Sunday, April 15, 2007

Courage?

When I got my first divorce, several new friends at IBM told me how courageous I was to walk out of a miserable marriage. I didn't feel I was courageous. I felt the truly hard thing to do would have been to stay with that marriage and somehow make it habitable, make that man start treating me with respect. I didn't want anyone in a shaky marriage to look at me and say, "Jan did it. I can, too.", and therein find the impetus to just give up on the marriage.

I tend to think of myself as plain and ordinary, forgettable, a simple person. Maybe that's an outgrowth of the conservative, Bible-thumping upbringing. Maybe it's an outgrowth of being raised by a mother who grabbed every opportunity to cut me down.
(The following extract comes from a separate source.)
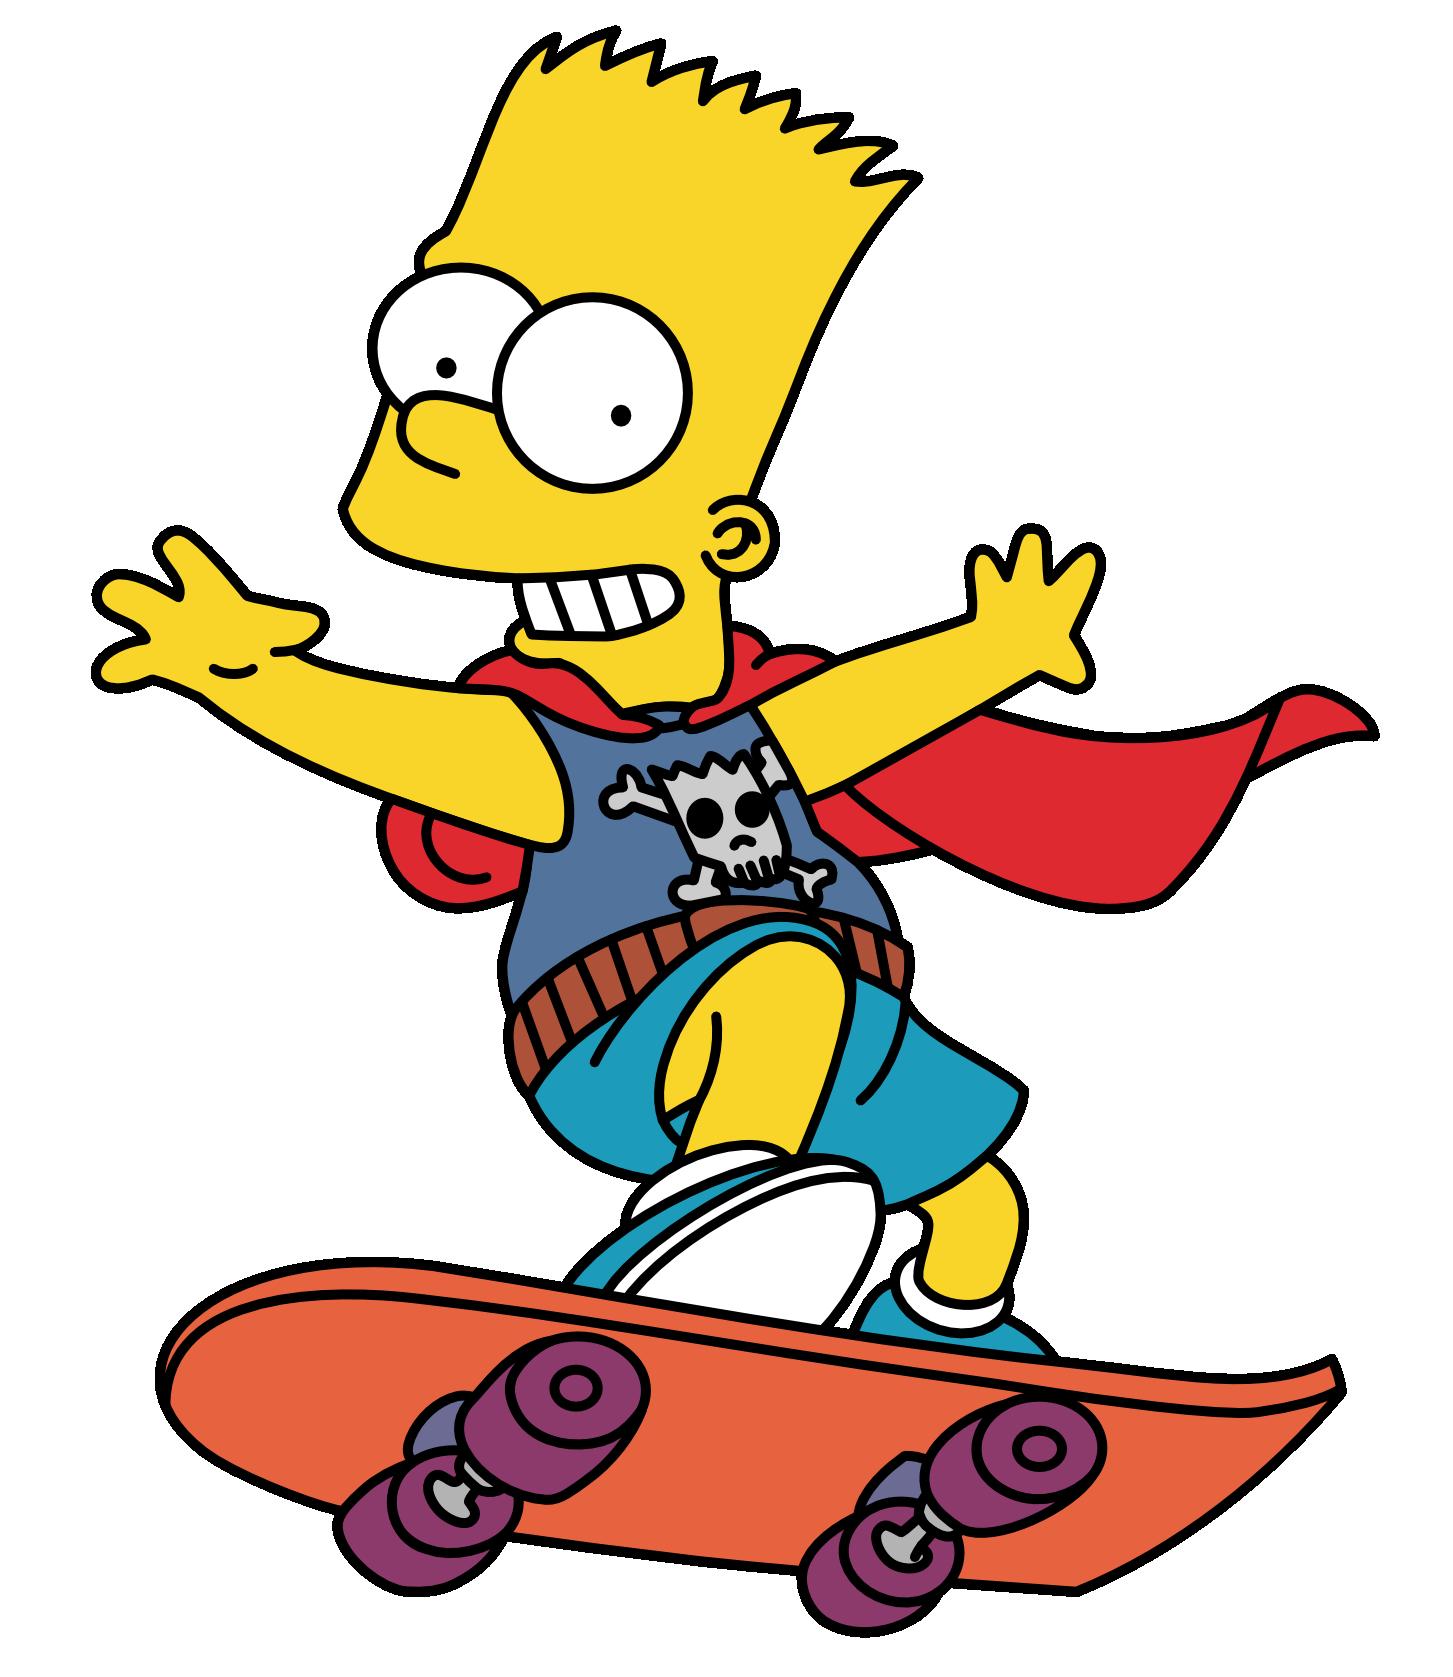 Bart Simpson Png Image PNG Image - Bart HD PNG

At this point in my life, I do know that I'm a really loyal friend, highly honorable, possessor of a strong work ethic, and someone who doesn't give up easily. (I stayed in that marriage ten miserable years before getting up the guts — er, courage? — to leave. I truly tried to make it work, but it takes two . . . .)

So now I have a chance to reinvent myself. I've made some gutsy résumé moves lately — I've applied to positions at Second Life (secondlife.com), Google, and Harpo Productions. There's an IRS position in Cincinnati I'm going to apply to. There are no limits. I know I really want to be nearer the babies, but I also know I'm not ready to retire. If I'm going to start over in another city, I need to be connected in some manner in order to make friends. Without that social interaction, I will just shrivel up and wilt. So I look at jobs all over the nation, then I look at airline schedules from that city's airport to the Pittsburgh airport.

And suddenly yesterday it dawned on me. What I'm doing is very courageous. I imagine most 56yo single women in my position (decent job, nice house, lots of friends and community connectedness) would just stay where they are and say, "that's life" if their beloved children moved away.

But what is this for me? This is an opportunity for growth, a much-needed chance to stand back and look at myself more realistically, not through the don't-think-too-highly-of-yourself filter of my childhood. Truly, the world is my oyster!